I bought the 5/8" woodriver version at woodcraft for $20.  Never tried the Steb, but they look the same to me.


----------



## jttheclockman (Jan 5, 2011)

Check with JohnnyCNC he will set you up with all the parts you need if you are serious about this. Don't short change yourself and then have to buy twice.


----------



## bitshird (Jan 5, 2011)

A steb center is nice, but the crown is just as good for our purpose, in fact, I don't even use a drive center for turning penblanks round, I just use a center drill and drill the blanks on center then use my tail stock with a good live center to put enough pressure on it to turn check this out, not the tool but the way I'm turning one of mesquitemans  Cactus skeleton blanks, I do all my blanks lie that http://www.youtube.com/watch?v=_g1iqk2R_bc,   Johnny should have some dead centers and live centers and no steb necessary.


----------



## KenV (Jan 5, 2011)

I do use the steb and steb style live and dead centers --  the Sorby product is better finished than the knockoffs (PSI and Woodriver).   There are size differences now between those sold by Sorby Steb brand and the knockoffs -  that are reportedly having to do with a settlement agreement.....

I like them as a version of a slip center-  Best price I have seen is via amazon.com, and based on runout measured with the dial indicator from the toolrest, the knock offs run about the same as the Sorby.

But any small center drive and small live center will work about the same


----------



## Texatdurango (Jan 5, 2011)

John,

You have heard the comment......"you get what you pay for", well in this case it's very appropriate.  

Steb centers are not all the same just because they have the same name, please be careful when shopping around. I chose the Sorby steb center because the widest diameter of the section that grabs into the blank is exactly .500". 

Let's say you are using the typical blank that is .750" square and the pen kit you chose has a finished body diameter of .560". If you use one of the knock off steb centers witch itself is .750" diameter or even .625", you will likely be hitting the teeth of tcenter he long before reaching your final diameter.  I have yet to come across a steb center as narrow as the Sorby.

With the .500" diameter, I have used the Sorby on almost every pen I made without fear of hitting the teeth with my skew.

To me, the .500" Sorby steb center has two main advantages over all the other centers I tried......

1. The narrow diameter allows turning pens down to finished diameter without fear of hitting the centers teeth.

2. The spring loaded center point works great if you are turning and grab a knot.  Rather than trashing your blank, it wil simply dissengage and start free wheeling.  Some I have tried have such a strong spring in the center, it doesn't even work as intended.

Will other steb centers work, yes, just not as well!  Sometimes we just have to pay for quality!


----------



## Texatdurango (Jan 5, 2011)

Knucklefish said:


> I am determined to learn how to turn between centers and have been reading the article on IAP homepage by Texatdurango (which by the way is very well written).

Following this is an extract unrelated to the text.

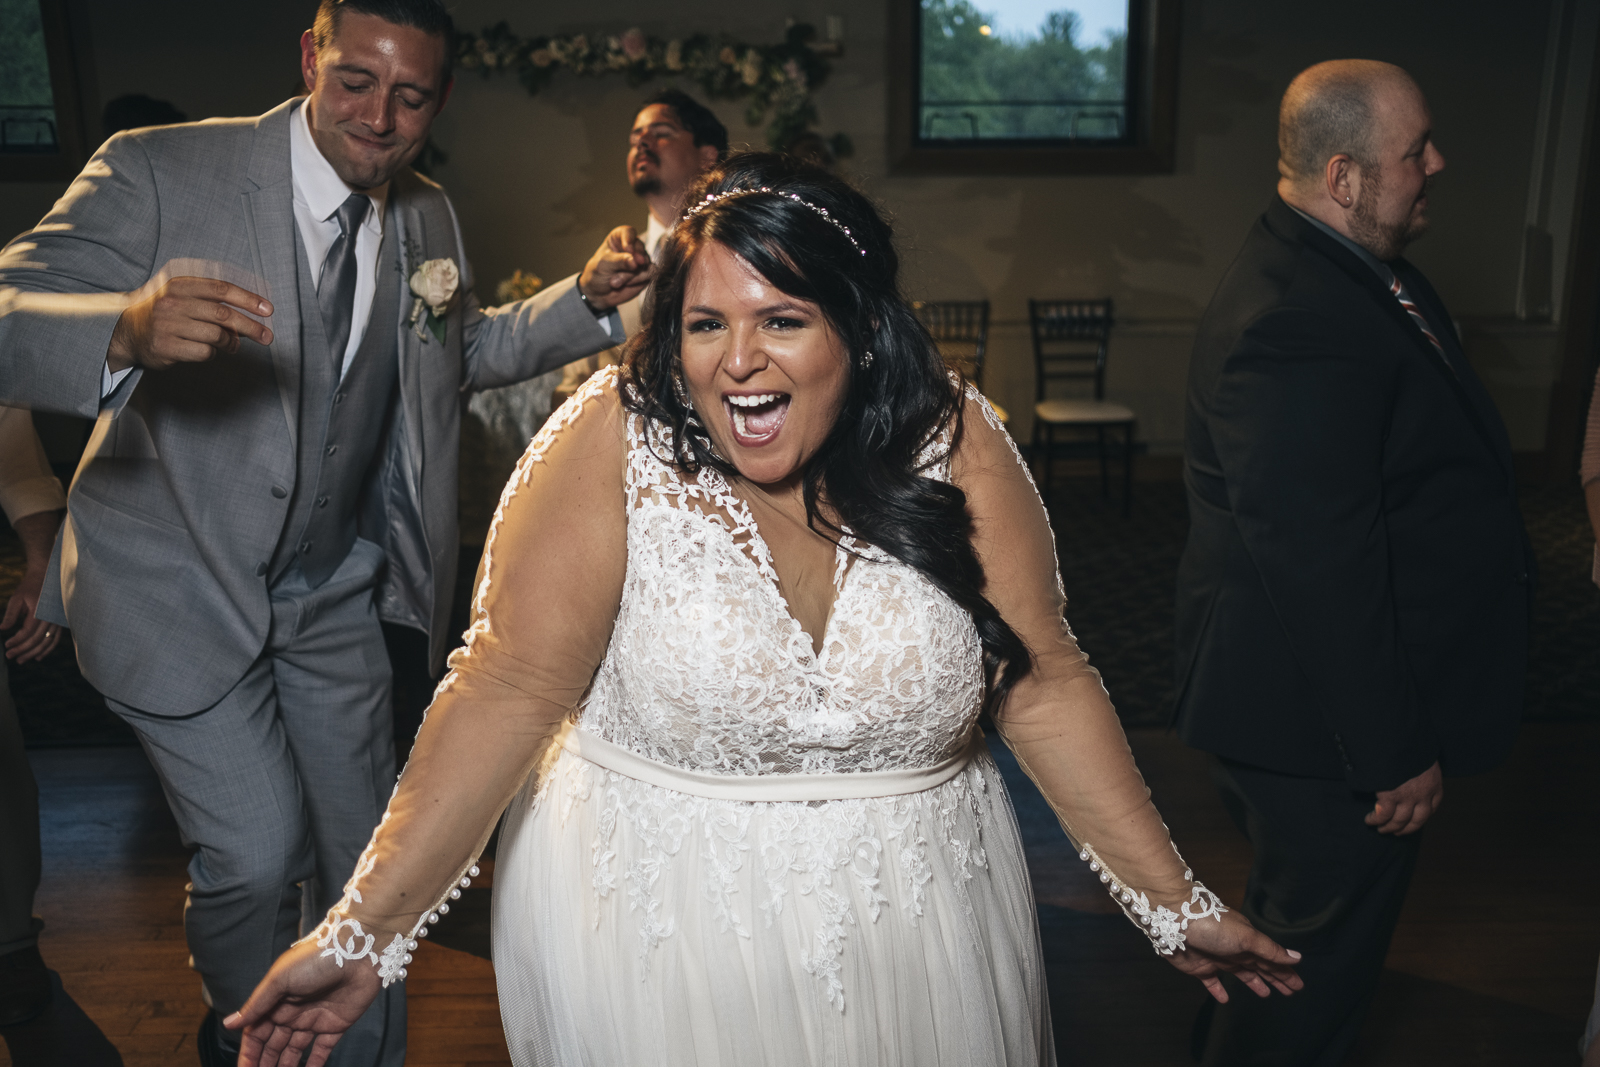 Bride dancing to bookthatdj.com wedding DJ at Nazareth Hall.

I have begun to buy a few tools that will be needed (Beall collet) but when I look at the steb center that is suggested by Texatdurango, it's over $75 once shipped to me. My question is, is there anything I could use that will accomplish the same work that costs less? I have noticed some other drives on CUSA that look similar (even has a spring loaded point) and cost way less, like the "crown drive". *I am totally confused* and am hoping someone will give some advice on how I can accomplish my goal but not break the bank. Thanks in advance for your consideration.
> John


 
John, trying something new and different can often be a bit confusing but don't give up.  If you run into ANYTHING that you don't understand or has you stumped or you just can't figure out why the heck we're doing things the way we are, don't be bashful to ask!  More often than not, I find myself using terms or making reference to something that might not be intuitive to a new turner so fire away if you need anything, that's why some of us keep hanging around this joint!


----------



## fernhills (Jan 6, 2011)

Hi, i don`t use a step center, but i do use a .500 drive center for all types of small Di. work.  Never really had any catches at that stage that destroyed any work, yet.  Don`t remember the price of the drive, but it was something like $18 or $20 at the Woodcraft Store.   Carl


----------



## Donnie Kennedy (Jan 6, 2011)

I use a larger spur center for turning between centers, and when I have to turn the work down to a diameter smaller than the drive center, I stop about 1/8" short of the end of the piece so I don't hit the teeth on the drive. Once I have the rest of the turning done, I just turn the spindle around and finish turning the end... that being said, I am getting a smaller drive center soon so I don't have to make that extra step.


----------



## leestoresund (Jan 6, 2011)

I guess I am not as accurate as these other folks.
I use the $20  1/2" steb I got from PSI and turn my blanks down to 3/4" or 5/8" because those collets I have for my collet chuck.
After cutting them to rough length I drill them in the collet.
That way they are centered on the blank. And I have plenty of margin for error.
Then, after they are tubed, I TBC.
To answer your original question - I like the steb. I have the other centers. I like the steb. 

Lee


----------



## Wildman (Jan 6, 2011)

H7967 carbide tipped lathe center 

http://www.grizzly.com/products/Carbide-Tipped-Lathe-Center-MT2/H7967

H5789 HSS lathe center

http://www.grizzly.com/products/HSS-Lathe-Center-MT2/H5789

JohnnyCNC

http://www.penturnersproducts.com/

I use the H5789 (drive center) in headstock when turning between centers. If were buying one today would buy a carbide tipped drive center.  JohnnyCNC sells carbide tipped drive centers.


----------



## Texatdurango (Jan 6, 2011)

leestoresund said:


> I guess I am not as accurate as these other folks.
> I use the $20 1/2" steb I got from PSI and turn my blanks down to 3/4" or 5/8" because those collets I have for my collet chuck.
> After cutting them to rough length I drill them in the collet.
> That way they are centered on the blank. And I have plenty of margin for error.
> ...


 
Lee could you elaborate on the 1/2" steb center that PSI sells, is there a part number?   I thought I'd looked everywhere for these things and Sorby was the only one I found.  I'm all for saving money if I can find a good deal.


----------



## ThomJ (Jan 6, 2011)

PSI      LCENTSS11   1/2 inch


----------



## Texatdurango (Jan 6, 2011)

ThomJ said:


> PSI LCENTSS11 1/2 inch


 
This steb drive is indeed 1/2" BUT..... it's also a mt-1, I would think the vast majority of turners would use a mt-2 in their lathes in which PSI's steb drive is 5/8" diameter.


----------



## ThomJ (Jan 6, 2011)

George, I noticed that it was MT1 right after I posted, I'm bad


----------



## KenV (Jan 7, 2011)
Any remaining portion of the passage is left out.